Man convicted in Eastern District for child enticement
An Irving, Texas man has been convicted of attempted coercion and enticement of a minor in the Eastern District of Texas, announced Acting U.S. Attorney Nicholas J. Ganjei.
Cody Ryan Turner, 37, was found guilty by a jury on March 10 following a three-day trial before U.S. District Judge Sean D. Jordan.
“I commend our law enforcement partners for their vigilance in ensuring the safety of our children,” said Acting U.S. Attorney Nicholas J. Ganjei. “Those who target child victims are the worst among us. Their actions will not be tolerated. The Eastern District of Texas will continue to find such individuals and bring them to justice.”
According to information presented in court, in August 2019, Turner began messaging an individual he believed to be a young teen on a popular social media application. After receiving no response throughout August 2019, he sent a graphic image to the child in December 2019. Turner then messaged the child again in June 2020. The individual who Turner believed to be a teen responded and identified herself as a child. From June-September 2020, Turner sent a series of sexually explicit messages to this individual.
On September 8, 2020, believing that the child was at home attending school online because of COVID, Turner sent a message asking, "want company"? Evidence introduced at trial showed that Turner drove from Irving to a location in Plano to meet the child, at which time he was arrested by a joint law enforcement team comprised of officials from the FBI and the Plano Police Department.

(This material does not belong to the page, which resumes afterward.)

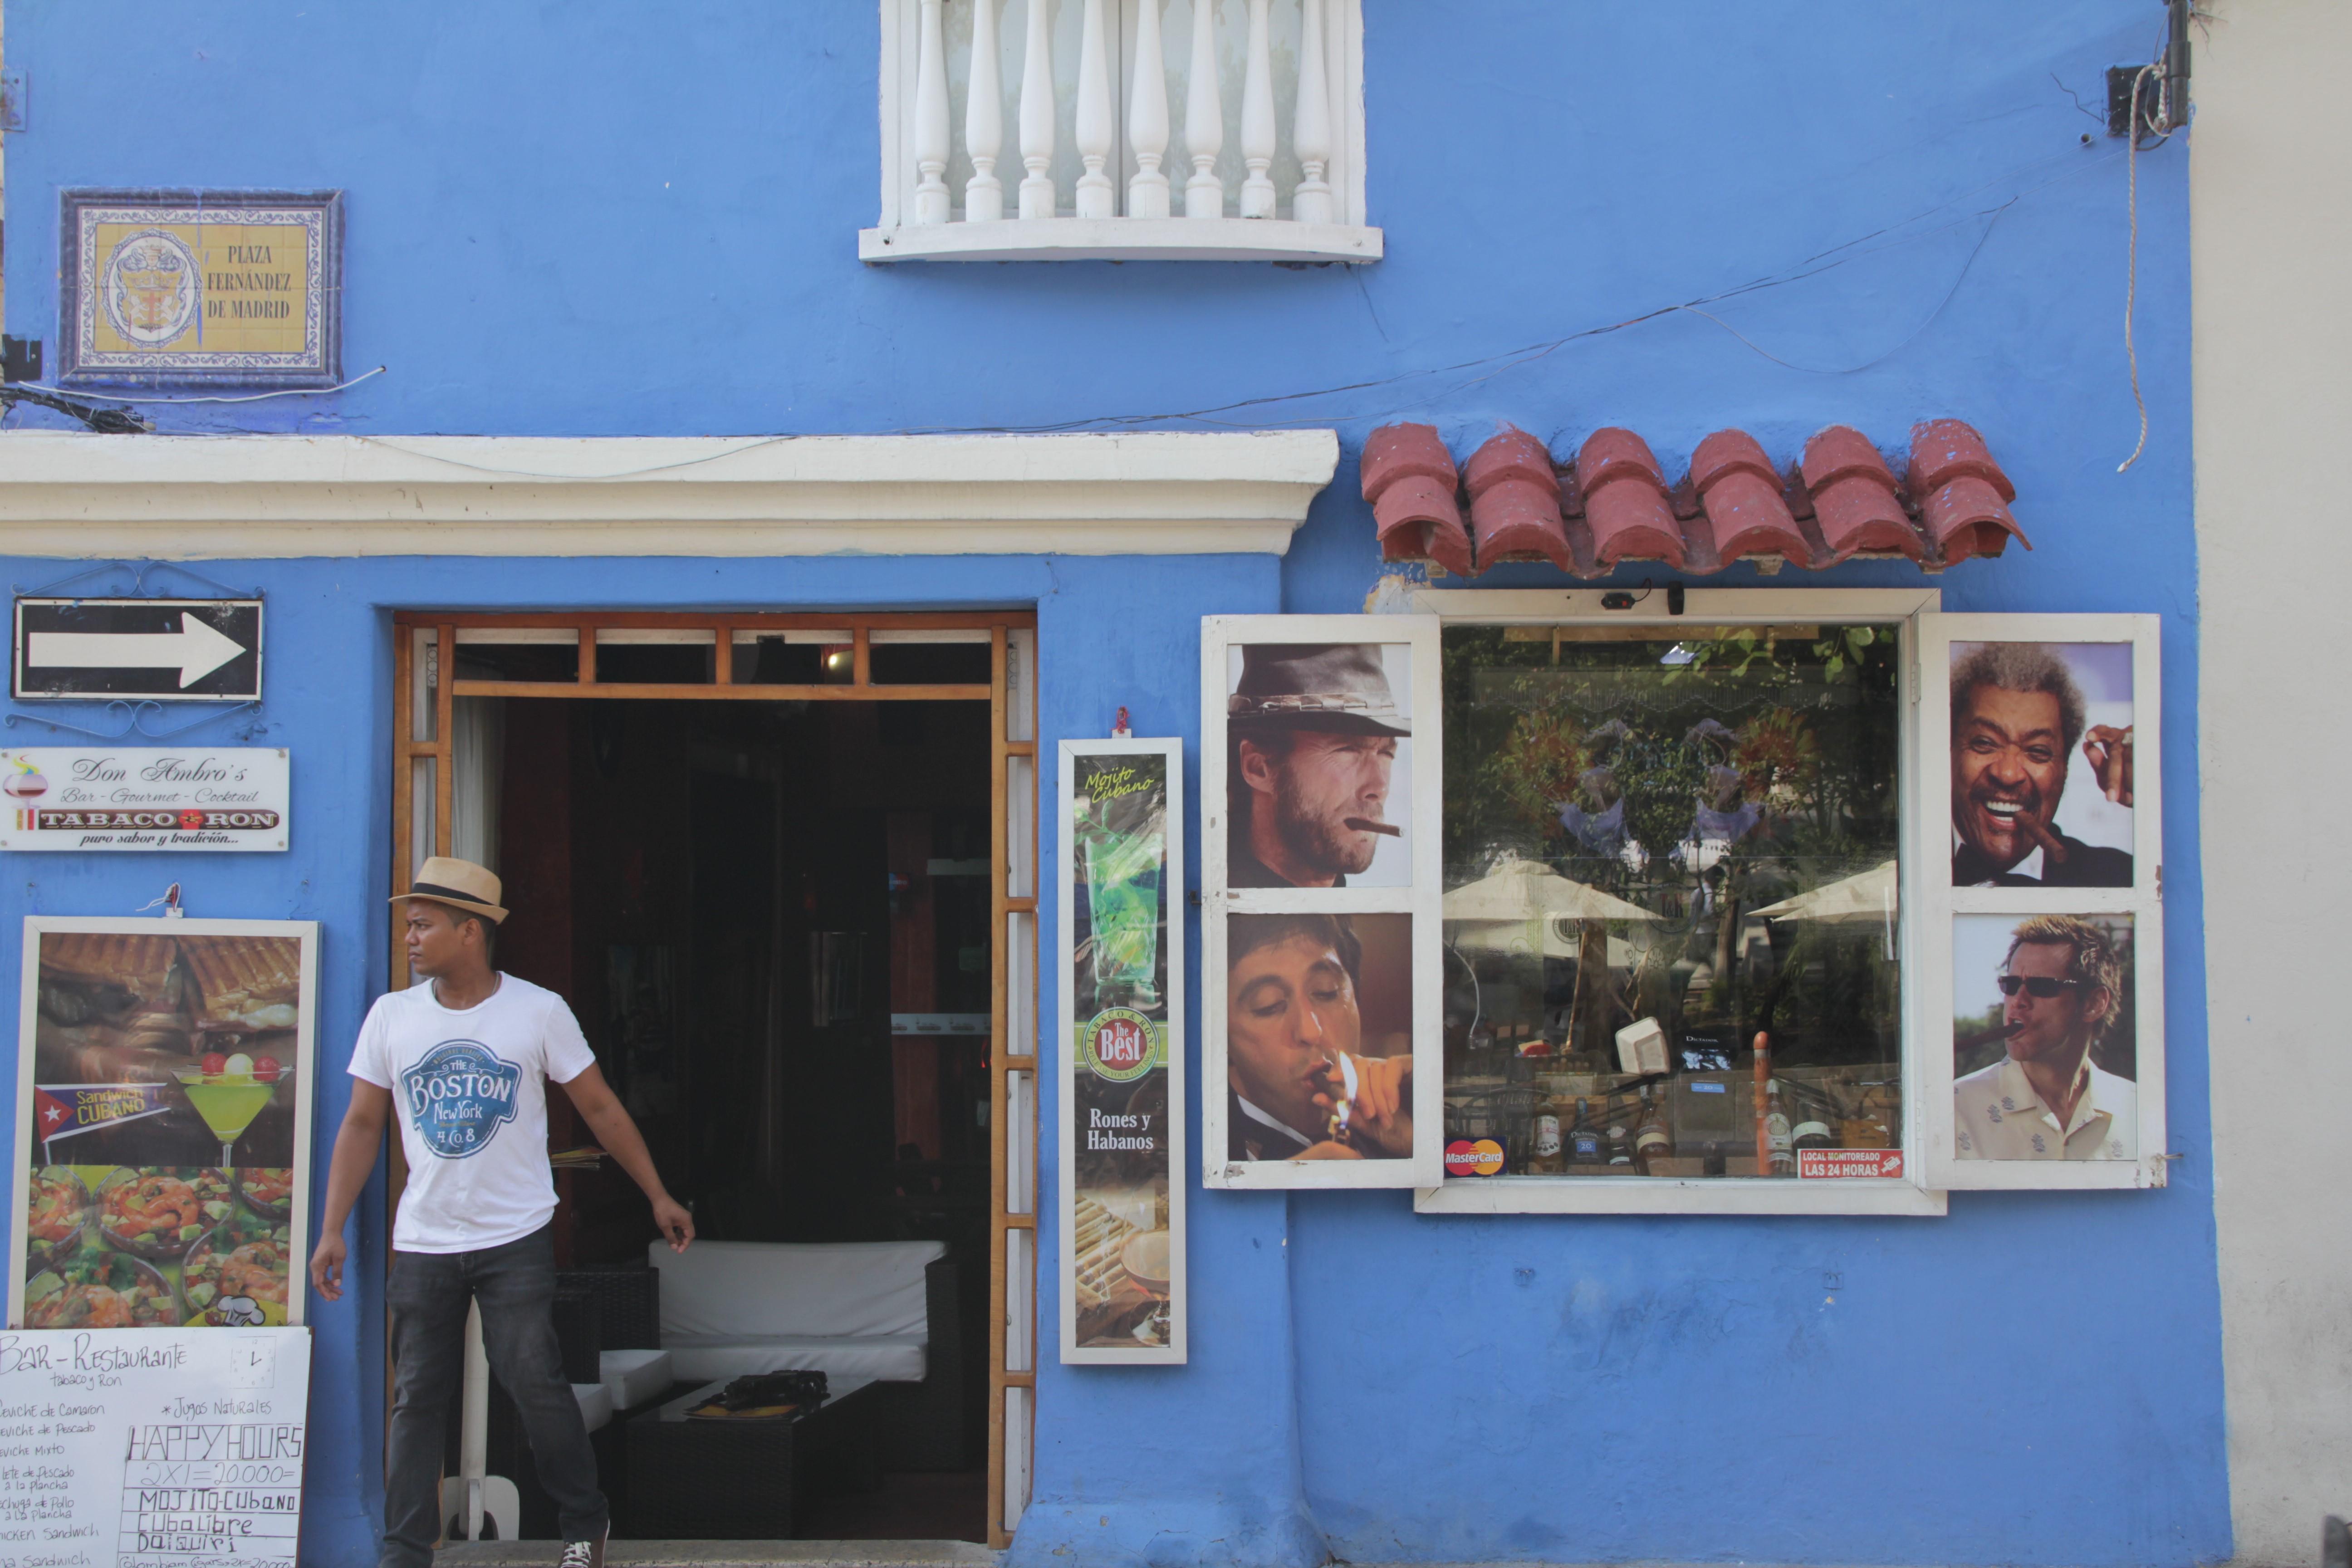 Un bistrot cubain met des vedettes fumant leur gros cigare en vitrine (© Jérôme Decoster).

Turner was indicted by a federal grand jury on September 17, 2020. Under federal statutes, he faces a minimum of 10 years and up to life in federal prison. The maximum statutory sentence prescribed by Congress is provided here for information purposes, as the sentencing will be determined by the court based on the advisory sentencing guidelines and other statutory factors. A sentencing hearing will be scheduled after the completion of a pre-sentence investigation by the U.S. Probation Office.
This case is being brought as part of Project Safe Childhood, a nationwide initiative to combat the growing epidemic of child sexual exploitation and abuse launched in May 2006 by the Department of Justice. Led by United States Attorneys’ Offices and the Criminal Division's Child Exploitation and Obscenity Section (CEOS), Project Safe Childhood marshals federal, state and local resources to better locate, apprehend and prosecute individuals who exploit children via the Internet, as well as to identify and rescue victims. For more information about Project Safe Childhood, please visit www.projectsafechildhood.gov.
This case was investigated by the FBI and the Plano Police Department and prosecuted by Assistant U.S. Attorney Marisa Miller and Special Assistant U.S. Attorney Bethany Pickett.